#### Exercise details
Find the line containing "Географические координаты луанда.", then print it and each line after it through the end of the listing exactly, with no pictures.

#### Data provided
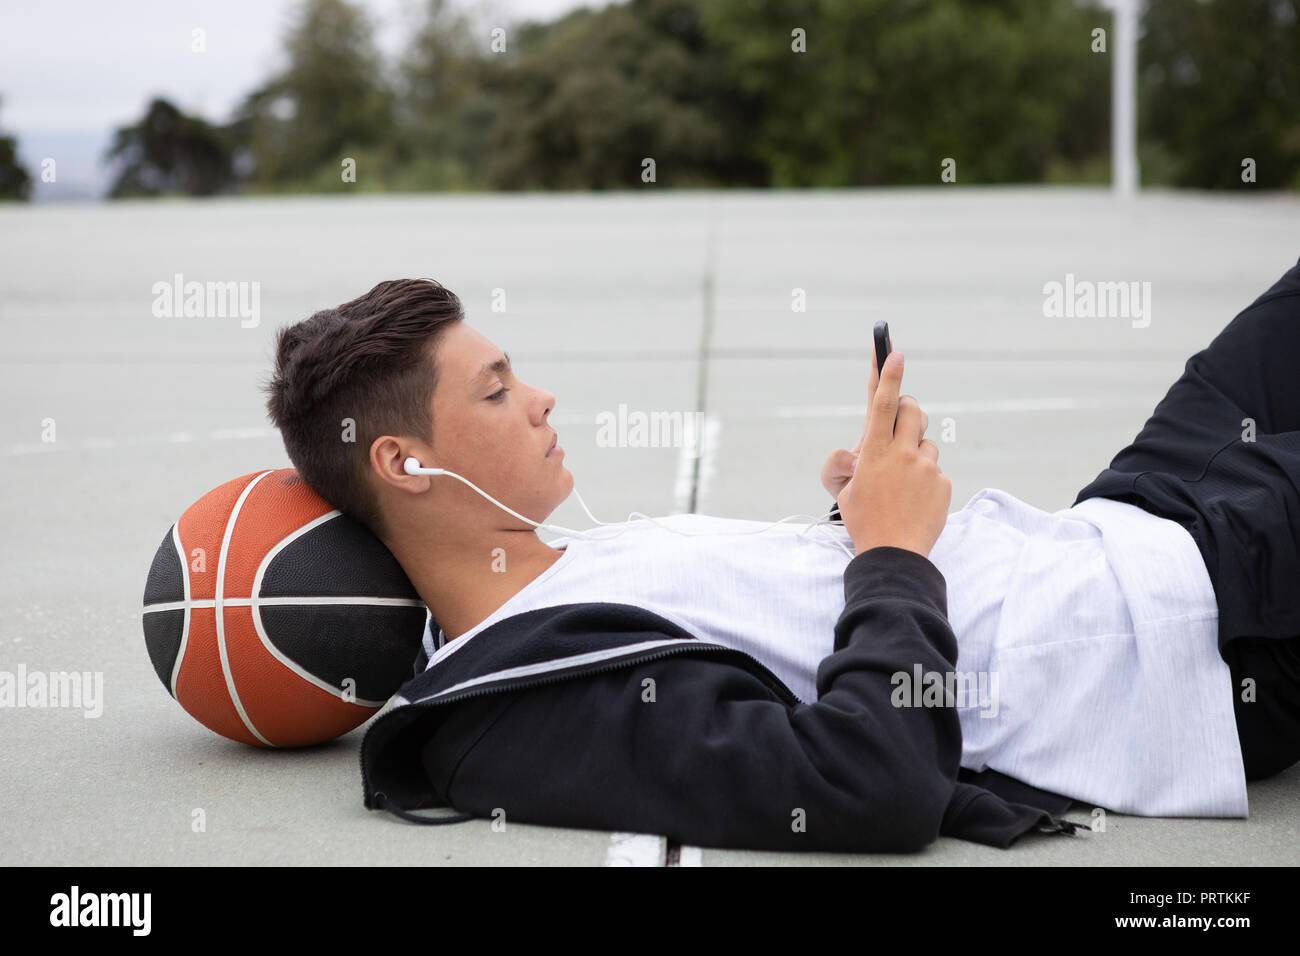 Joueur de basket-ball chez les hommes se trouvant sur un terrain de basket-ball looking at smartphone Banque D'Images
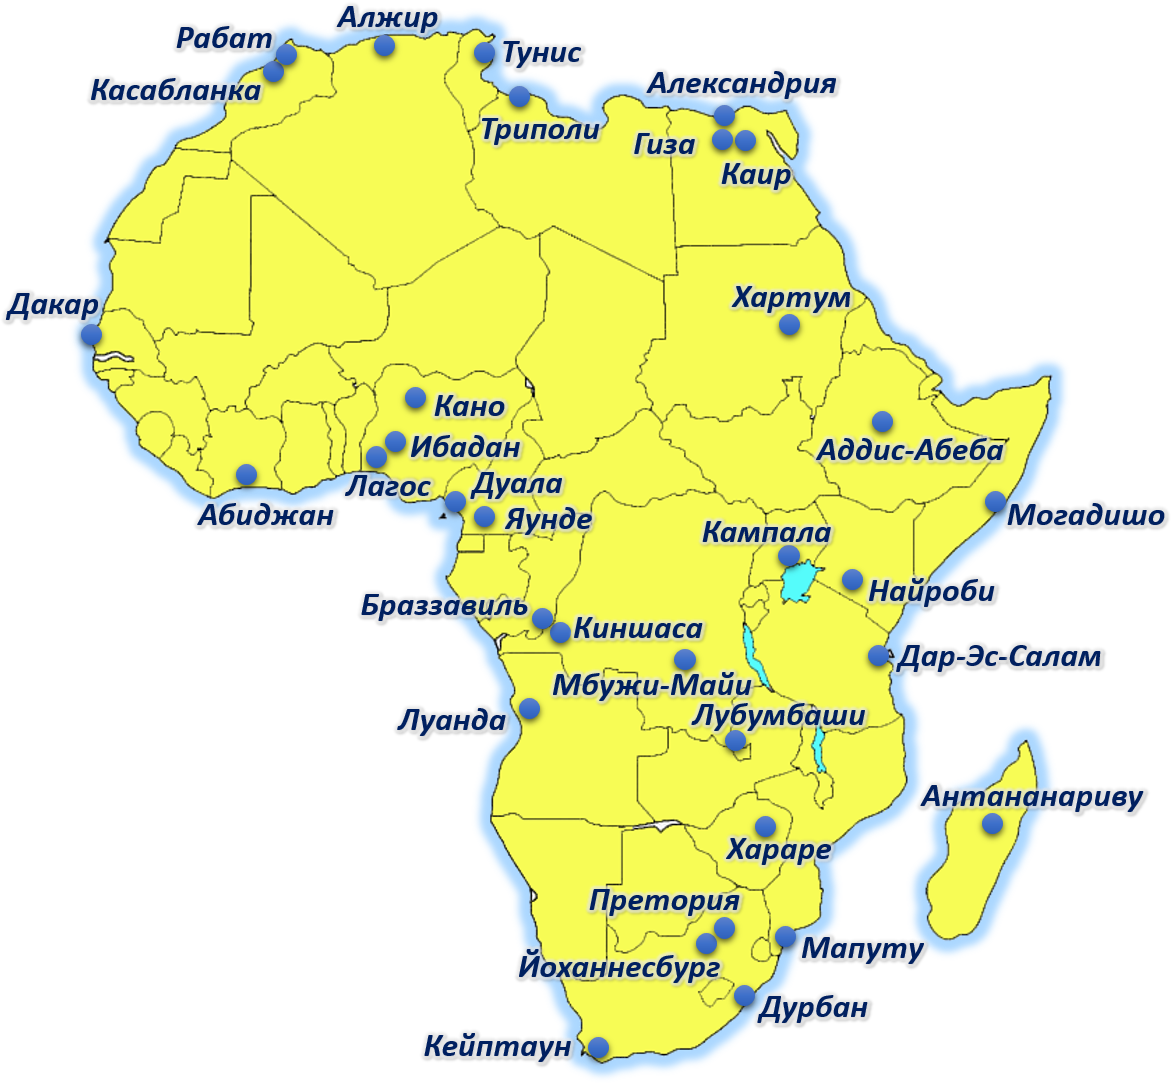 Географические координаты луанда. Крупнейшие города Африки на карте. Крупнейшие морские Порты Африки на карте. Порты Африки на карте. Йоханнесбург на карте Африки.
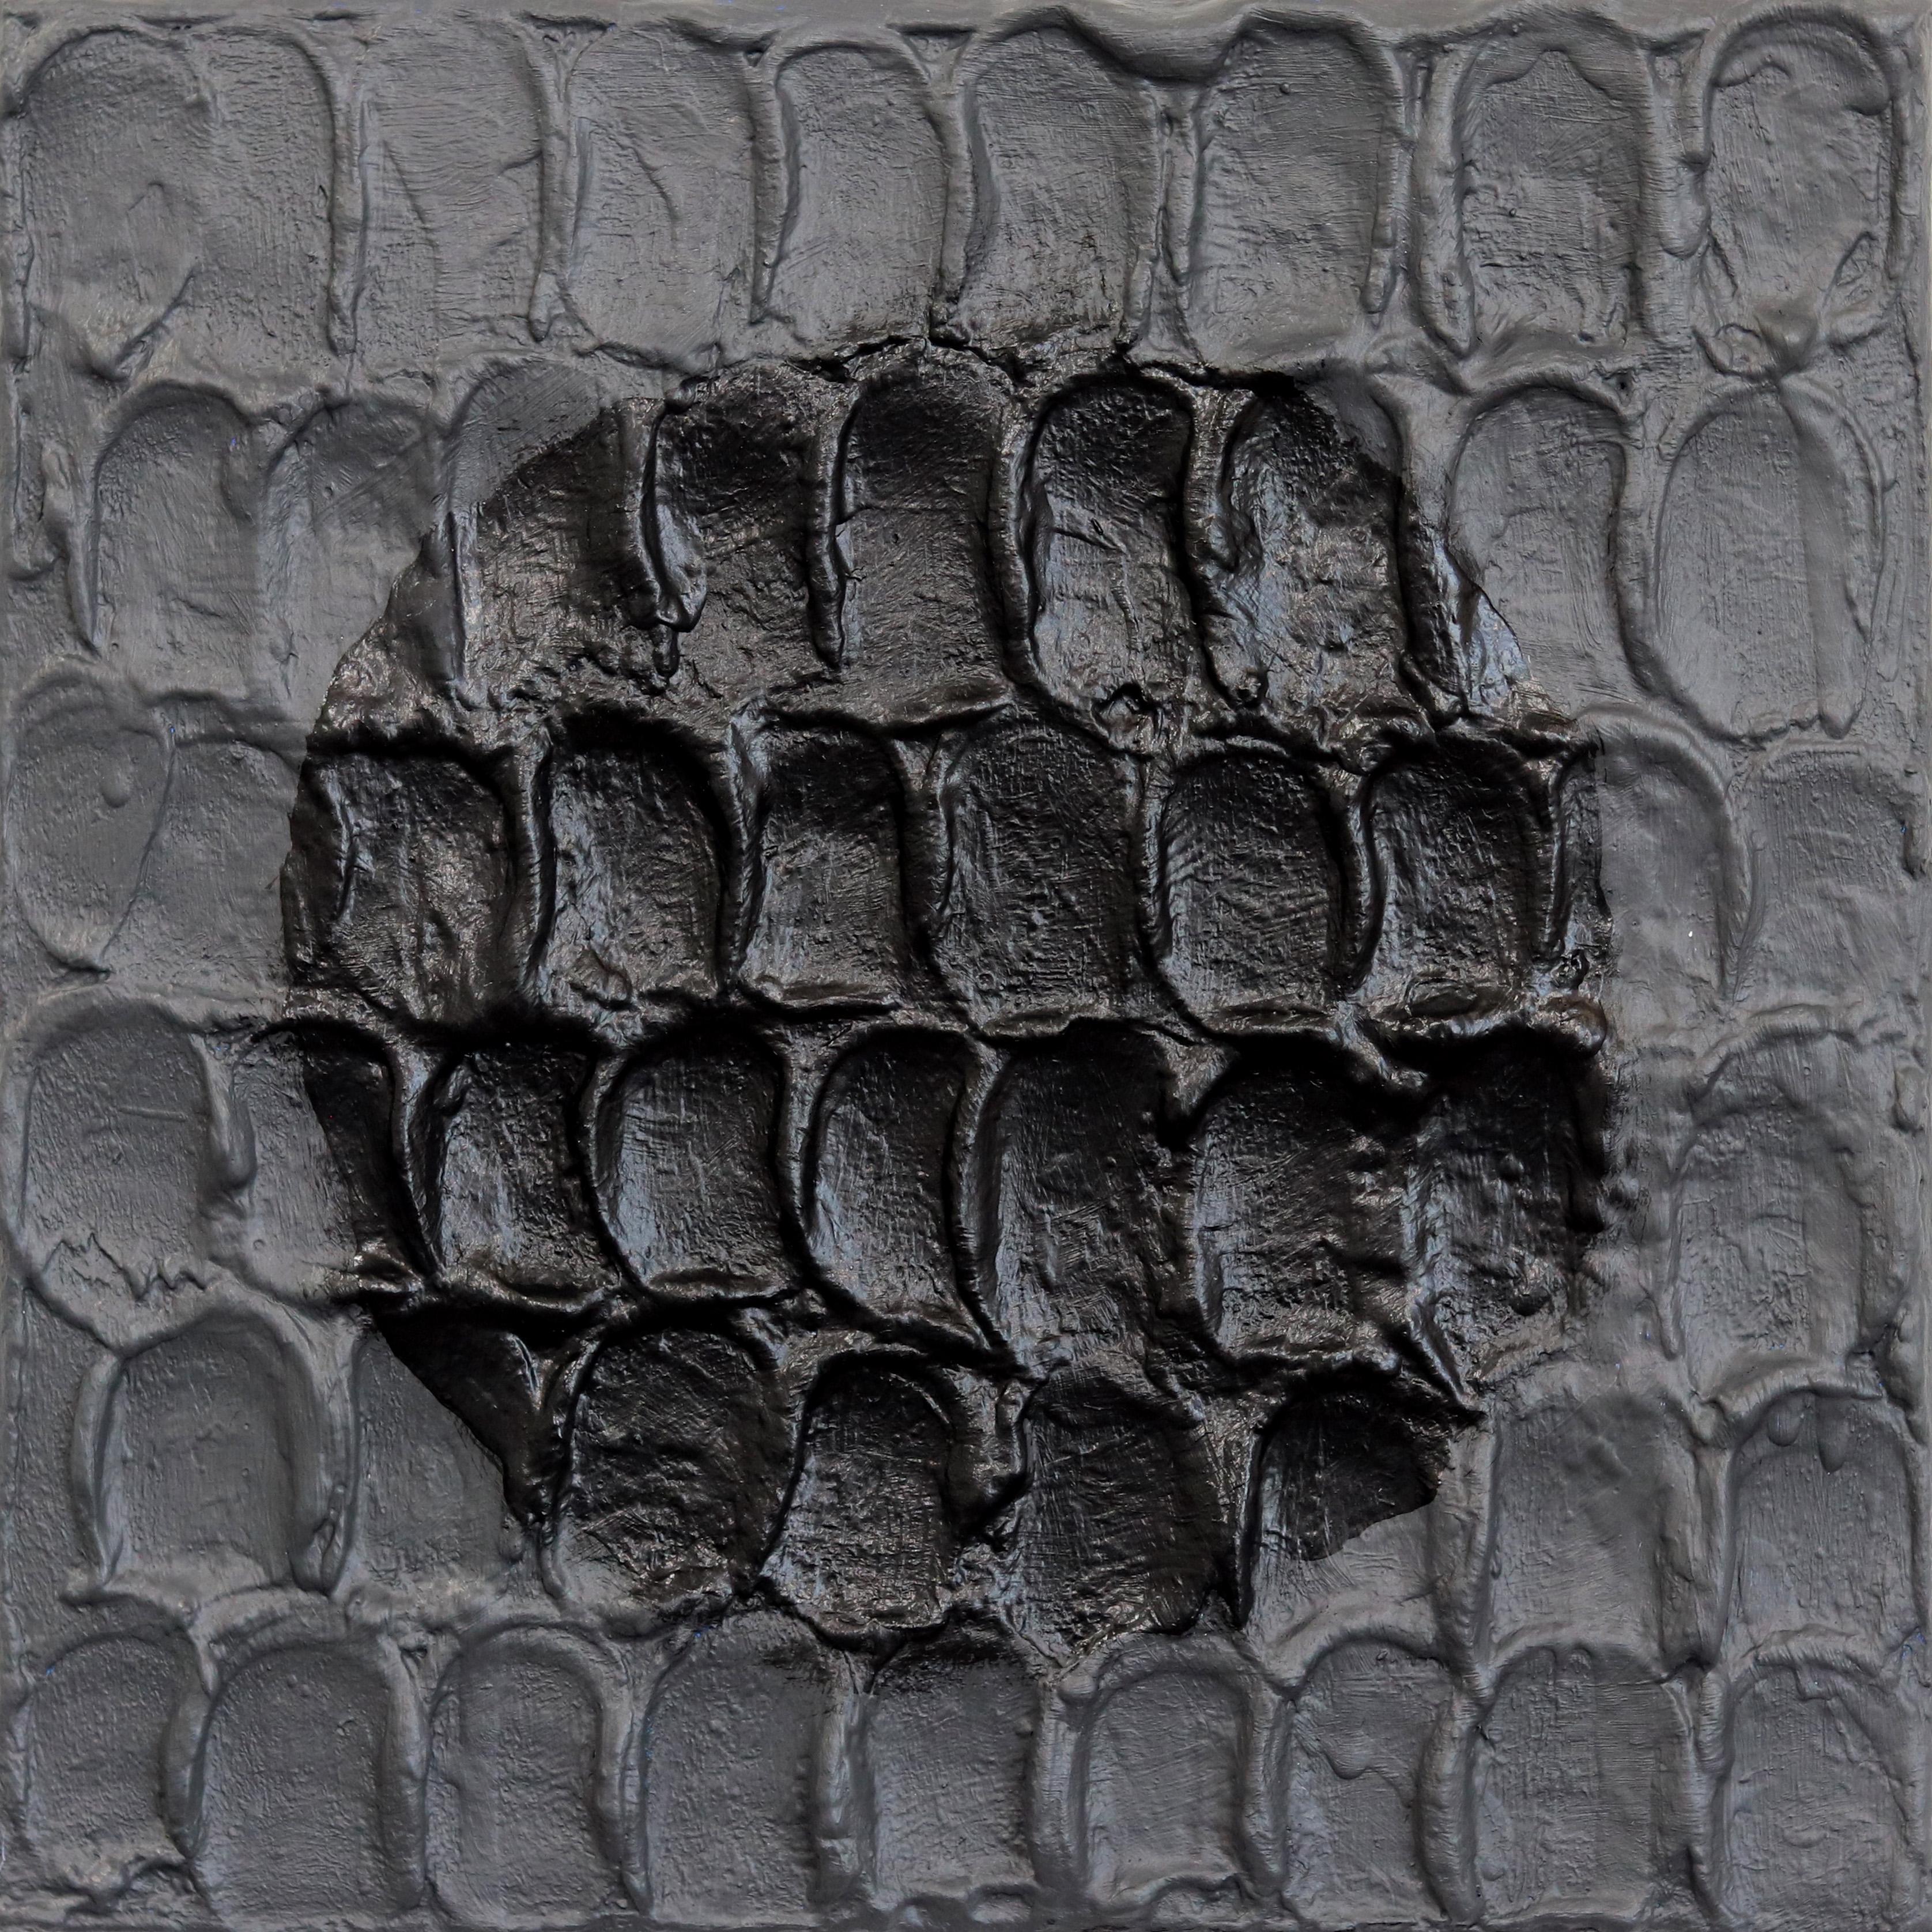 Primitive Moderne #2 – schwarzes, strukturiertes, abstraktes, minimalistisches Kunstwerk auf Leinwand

#### Task solution
 Географические координаты луанда. Крупнейшие города Африки на карте. Крупнейшие морские Порты Африки на карте. Порты Африки на карте. Йоханнесбург на карте Африки.
 Primitive Moderne #2 – schwarzes, strukturiertes, abstraktes, minimalistisches Kunstwerk auf Leinwand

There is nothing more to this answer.